When saving ("Create Server") a cluster, the web response is database password is invalid, even though the database (mysql) option was not selected.
Steps to reproduce:
1) enable "Web Clusters" in /admin/hosting/features
2) create new server (type cluster) at /node/add/server
3) Fill out "Create server" page:
3a) Server hostname: webcluster.blah.local
3b) Ip addresses: 203.1.2.3
3c) Database: None
3d) Web: cluster
3e) Servers: web01.blah.local, web02.blah.local
4) Save
Response page:
1) error: "The specified passwords do not match."
2) database options is now shown (port, username, password) even though "None" is selected.
3) web options is now shown (port, restart command, port, restart command, ssl port), even though "cluster" is selected.
Not sure if this is related:
---
Log message
Task starts processing
Running: /usr/share/drush/drush.php provision-save '@server_webCLUSTERlocal' --backend
The command could not be executed successfully (returned: Segmentation fault , code: 139)
Running: /usr/share/drush/drush.php @server_webCLUSTERlocal provision-verify --backend
Drush bootstrap phase : _drush_bootstrap_drush()
Load alias @server_webCLUSTERlocal
Found command: provision-verify (commandfile=provision)
Initializing drush commandfile: drush_make
Initializing drush commandfile: drush_make_d_o
Initializing drush commandfile: provision
Load alias @server_master
Loading apache driver for the http service
Including /var/aegir/.drush/provision/dns/verify.provision.inc
Including /var/aegir/.drush/provision/platform/backupmigrate/verify.provision.inc
Including /var/aegir/.drush/provision/platform/verify.provision.inc
Provision configuration root path /var/aegir/config exists.
Provision configuration root ownership of /var/aegir/config has been changed to aegir.
Provision configuration root permissions of /var/aegir/config have been changed to 711.
Provision configuration root path /var/aegir/config is writable.

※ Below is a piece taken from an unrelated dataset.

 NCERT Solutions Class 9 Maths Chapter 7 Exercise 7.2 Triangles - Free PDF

Provision configuration path /var/aegir/config/server_webCLUSTERlocal exists.
Provision configuration ownership of /var/aegir/config/server_webCLUSTERlocal has been changed to aegir.
Provision configuration permissions of /var/aegir/config/server_webCLUSTERlocal have been changed to 711.

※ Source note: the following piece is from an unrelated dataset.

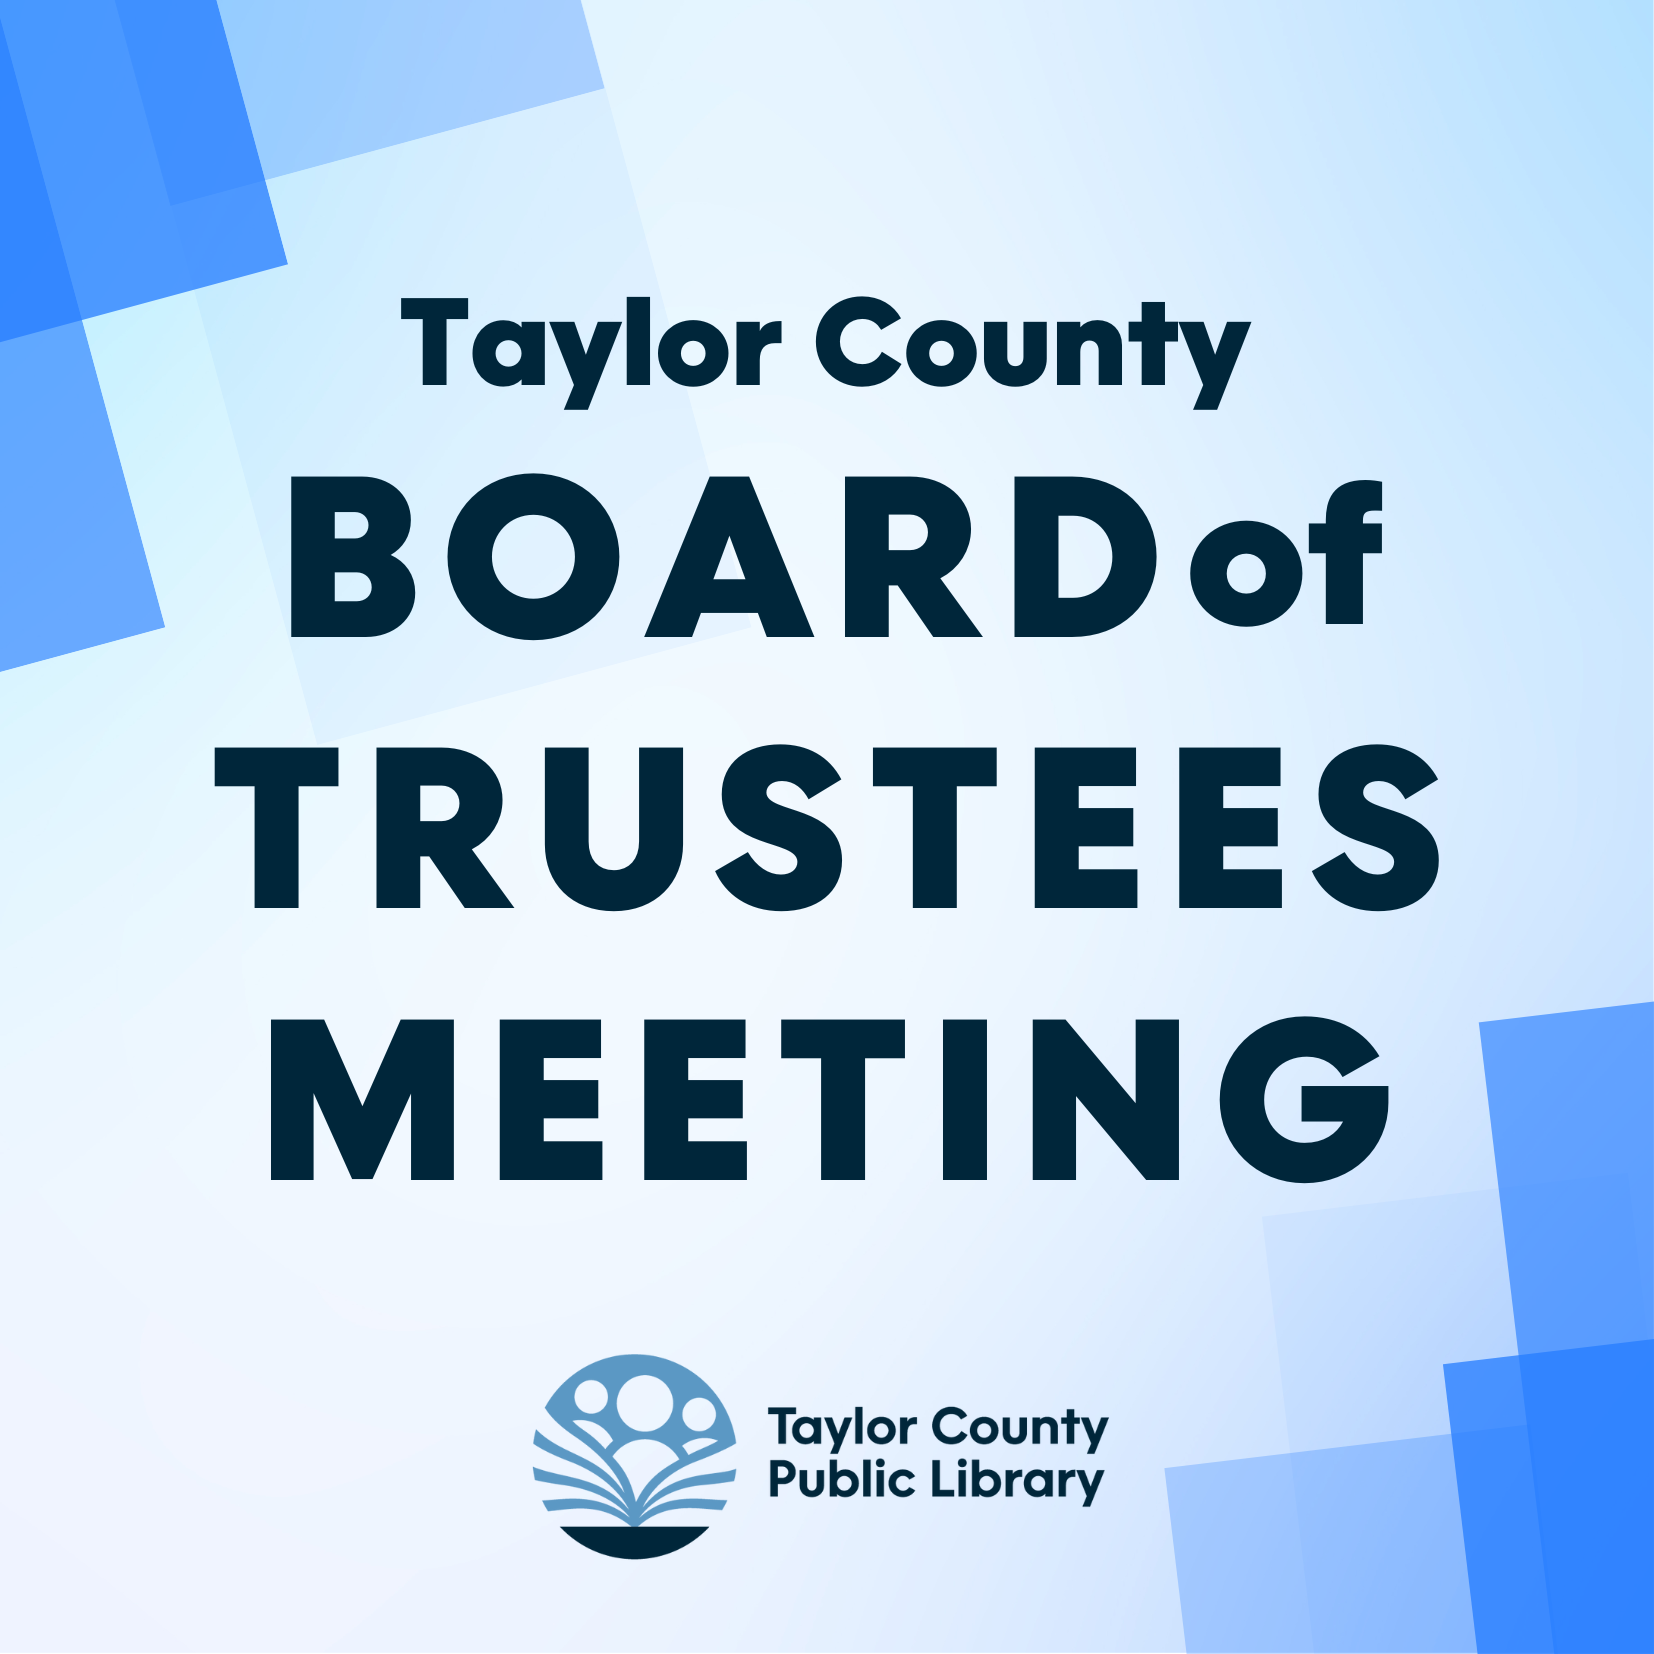 Taylor County Board of Trustees Meeting

Provision configuration path /var/aegir/config/server_webCLUSTERlocal is writable.
Command dispatch complete
Peak memory usage was 7.96 MB
An error occurred at function : drush_hosting_task
Command dispatch complete
Peak memory usage was 21.21 MB
---
| Comment | File | Size | Author |
|---|---|---|---|
| #32 | 1016890-provision-cluster-save-32.patch | 651 bytes | joestewart |
| #31 | 1016890-provision-cluster-save-31.patch | 518 bytes | joestewart |
| #28 | 1016890-web_servers-28.patch | 505 bytes | joestewart |
| #25 | 1016890_cluster_debug.patch | 1.38 KB | anarcat |
| #24 | 1016890_cluster_debug.patch | 1.09 KB | anarcat |
Comments
Comment #1
Anonymous (not verified) commentedI've seen this before and it's when your browser has saved your username/password and injected that into the Database user/password fields (which are hidden because you have not selected a DB service).

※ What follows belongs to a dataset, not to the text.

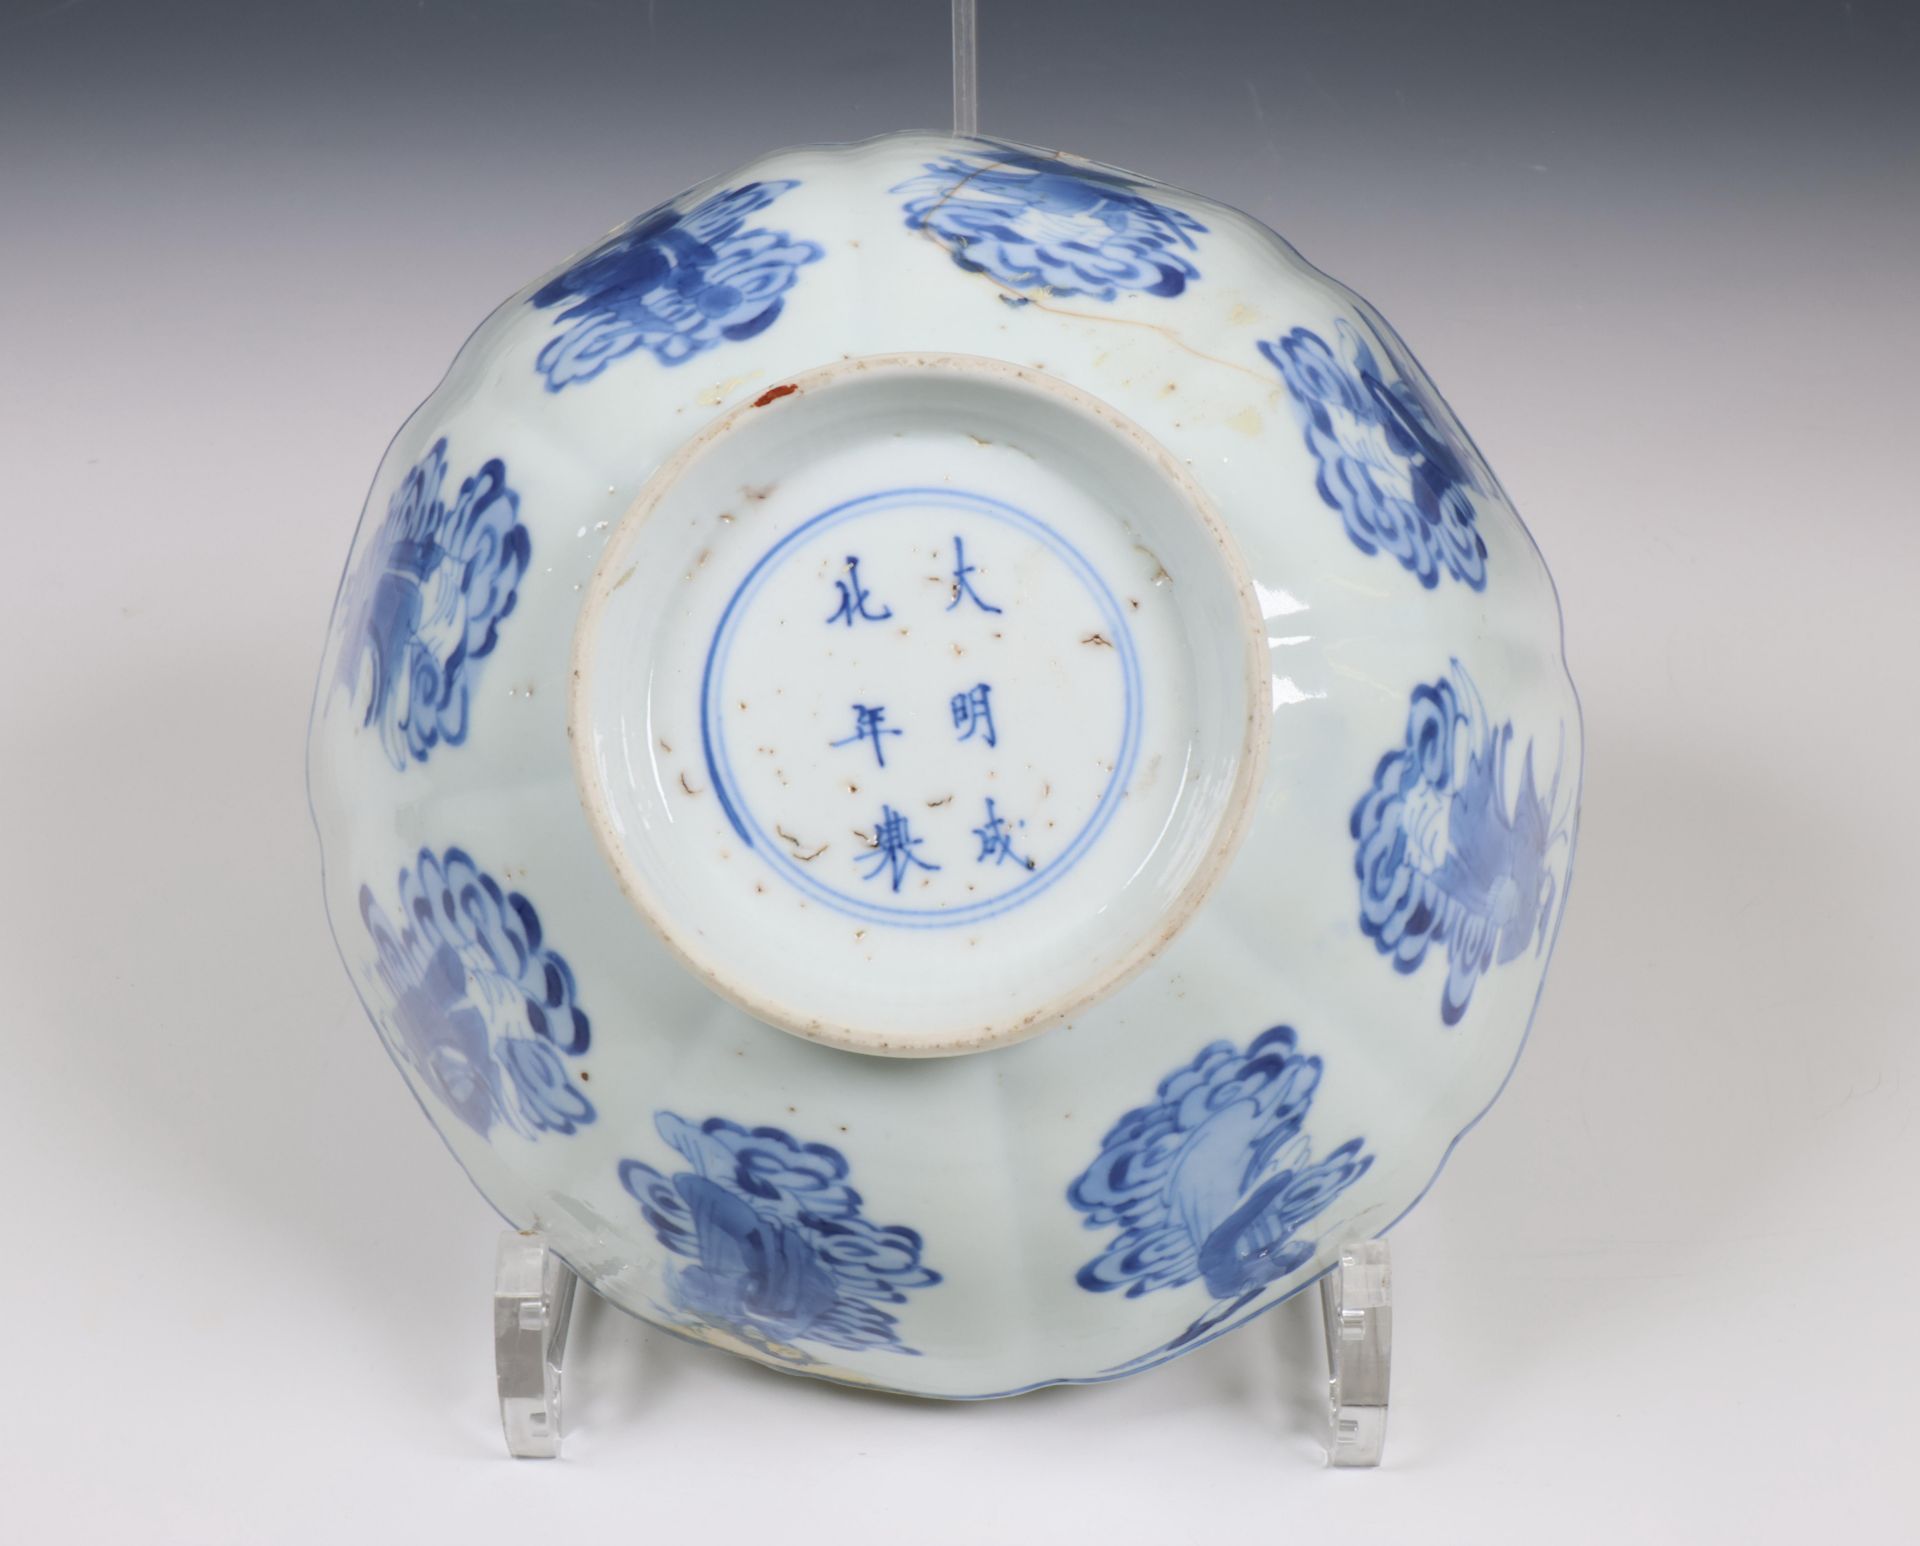 China, blue and white porcelain 'Immortals' bowl, Kangxi period (1662-1722), - Image 6 of 6

You get a 'passwords do not match' because it only injects it into the first password field and not the 'confirm password' field, typical browser stuff.
You can select MySQL in the form to erase the auto-injected credentials and then set it to None again (or just don't save passwords in the browser).
Sure that's not the case for you too?
Don't know about the task debug. Segmentation fault, possibly needs an strace or something to see what's going on. Please confirm whether you hit the above browser issue and whether fixing that fixes the segfault
Comment #2
dsobon commentedI can confirm that removing the "saved password" in browser solved the problem.
Now to figure out why drush then segfaults.
Comment #3
Anonymous (not verified) commentedShould only be marked 'for review' if there's a patch to review. Just for filters.
The segfault should really be a separate support request, but i can't be bothered.
Comment #4
Anonymous (not verified) commentedCan you test this patch and let me know if it makes clusters work?
Comment #5
Anonymous (not verified) commentedCafuego confirmed the fix in passing in #1047174: Reverse proxy support, which matches my experience. I'll commit this
Comment #6
Anonymous (not verified) commentedComment #7
omega8cc commentedThis commit makes Provision working only with Drush 3.3 and breaks everything for any attempt (both Aegir install and upgrade) with Drush 5/HEAD.
Comment #8
Anonymous (not verified) commentedOk, I'll revert.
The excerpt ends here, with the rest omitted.